If I could sum up my breast-feeding ordeal in one image, it would be me sitting in a hospital bed with one of my newborn sons cradled in my arms.

Above me hovers the lactation consultant, her complexion dewy, her curls buoyant. She clearly hasn’t endured a 38-week twin pregnancy — that’s 14 pounds of baby, baby — followed by a cesarean and 48 hours of unsuccessful breast-feeding, and if she’s trying to hide her impatience with my mental and physical state, she’s not succeeding.

I was supposed to leave the hospital an hour ago, but I can’t go, in the opinion of the lactation consultant, because, up to this point, I’ve done just about everything wrong.

I now realize my not leaving was a little extreme — not to mention spineless. But I was acting on my absolute conviction, inspired and repeatedly reinforced by pediatricians, authors and the U.S. government, that breast is best by a wide and indisputable margin. Now it’s starting to look like I, and millions of others who made significant sacrifices based on that assumption, may have been wrong.

No one is saying that breast-feeding isn’t perhaps, by some measures, a little bit better for your baby’s health, but the argument coming from critics such as Joan Wolf, an associate professor of women’s studies at Texas A&M University, is that the actual scientific research doesn’t say much beyond that. In her 2011 book, “Is Breast Best?” Wolf repeatedly cites studies with conflicting outcomes, important methodological problems, and results far less dramatic than we’ve been led to believe.

“My biggest concern is that we have blown infant feeding completely out proportion,” Wolf says. “I’m certainly not against breast-feeding in any way, and I think it’s a perfectly viable choice for women who want to do it. But I think it’s very hard right now for a woman to decide whether to breast-feed — there are so many external pressures telling them that it’s the only thing to do, the only reasonable thing to do if you care about your baby.
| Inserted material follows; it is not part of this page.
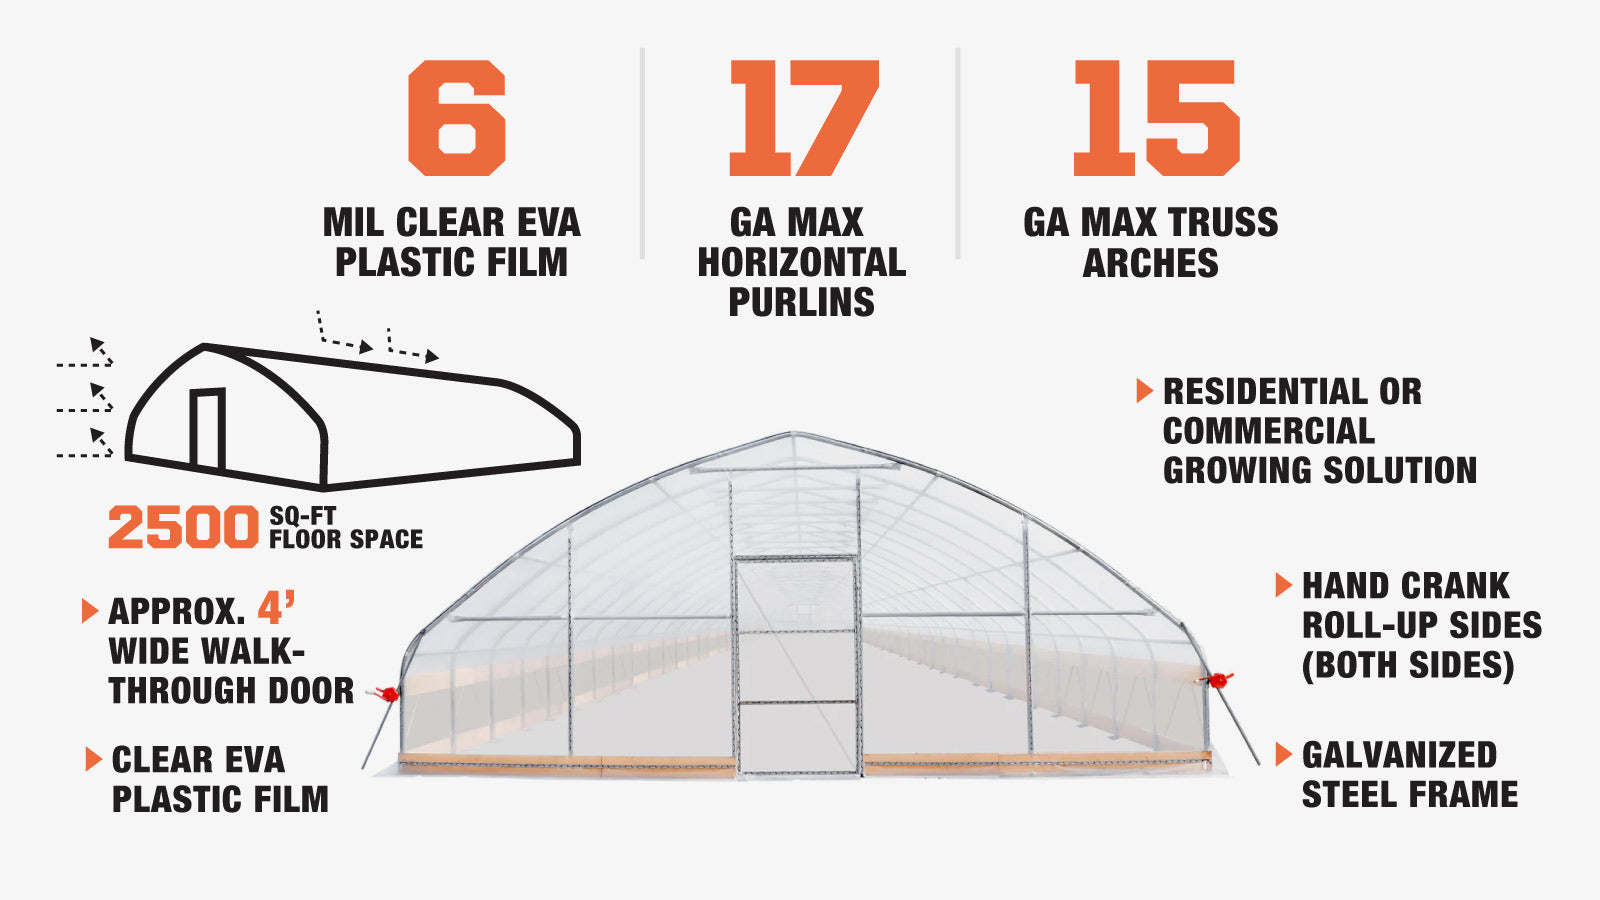 TMG Industrial 25’ x 100’ Tunnel Greenhouse Grow Tent w/6 Mil Clear EVA Plastic Film, Cold Frame, Hand Crank Roll-Up Sides, Peak Ceiling Roof, TMG-GH25100-description-image

And that concerns me — that we have skewed the alternatives here in ways that are completely inaccurate.”

Breast-feeding advocates acknowledge that the data isn’t perfect. Because scientists can’t ethically perform experiments in which women are randomly assigned to breast-feed or bottle-feed, they can’t be completely sure that better outcomes are actually caused by breast-feeding, as opposed to the type of mothering associated with breast-feeding, according to Dr. Richard Schanler, chairman of the American Academy of Pediatrics’ section on breast-feeding.
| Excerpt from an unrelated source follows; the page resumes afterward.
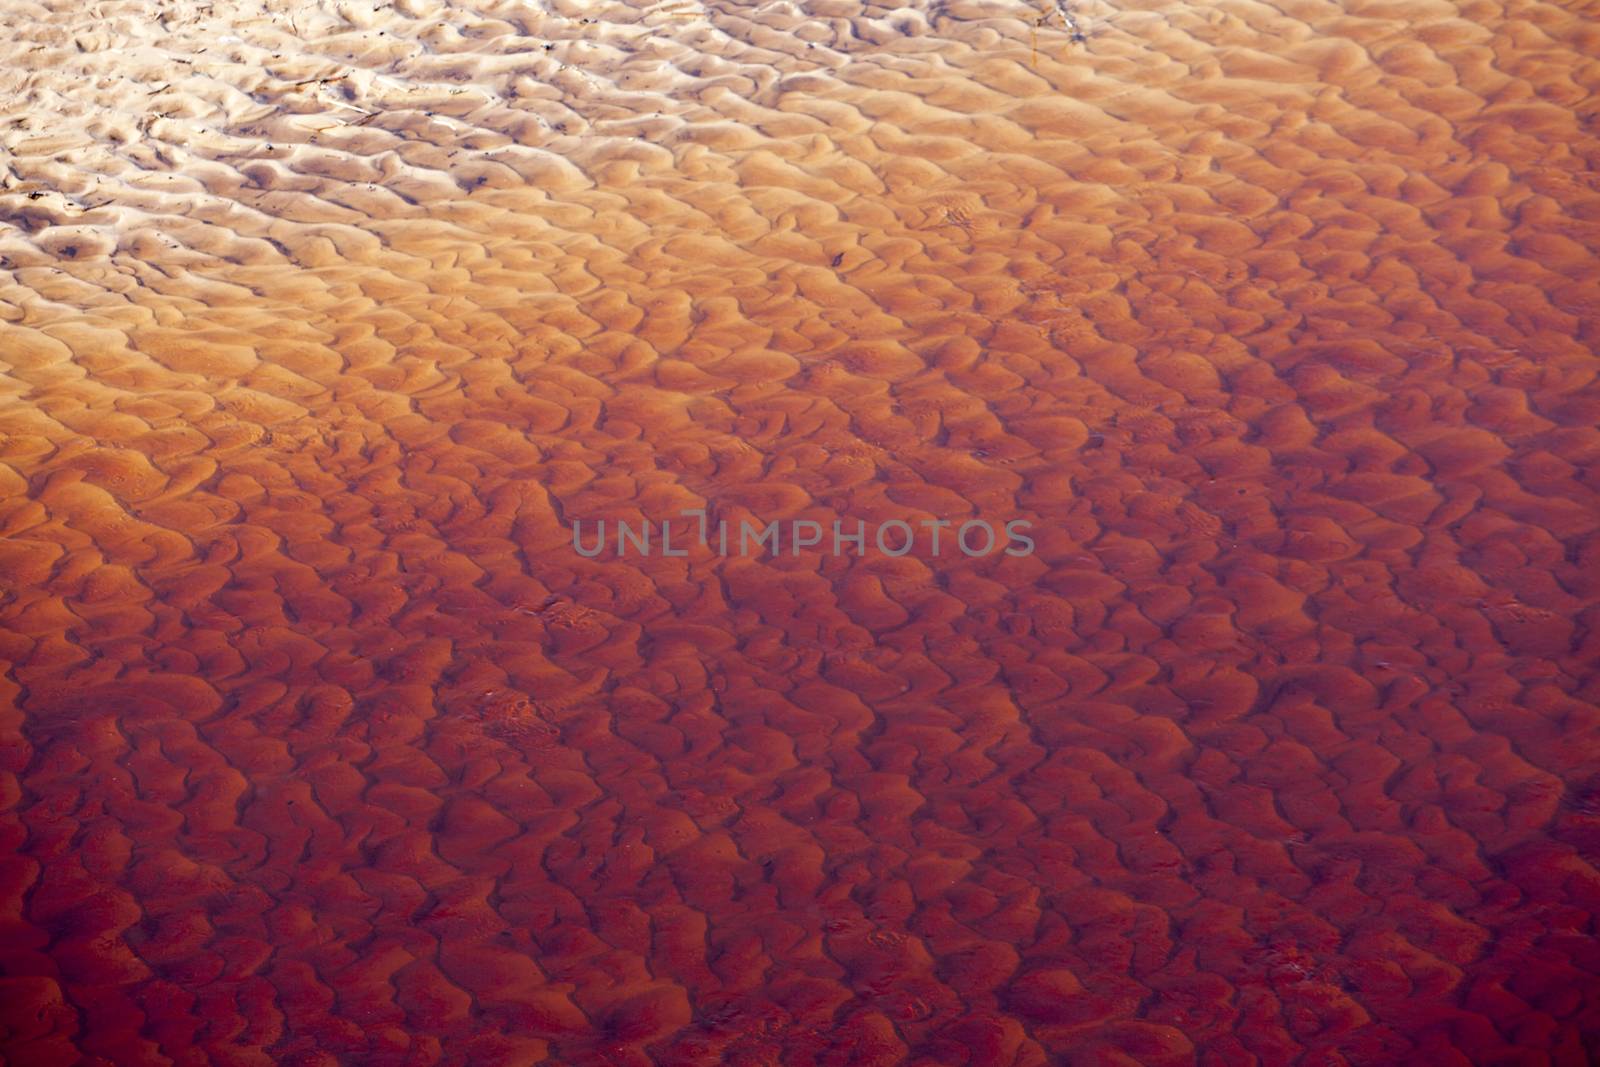 Wavy sand texture patterns on the bottom of the river in red

But Schanler points to an analysis of existing studies in an AAP policy statement that he co-authored. In the analysis, more breast-feeding was associated with better health outcomes.

“When you can’t do a randomized trial, one of the next things you’d like to do is a dose response: Do you get more effect with more breast-feeding? And you see that with a lot of the outcomes that we’ve measured,” he says. “To me, that’s very telling. But can I swear that this is causation, or just association? I can’t, but I have a feeling a lot of this is causation.”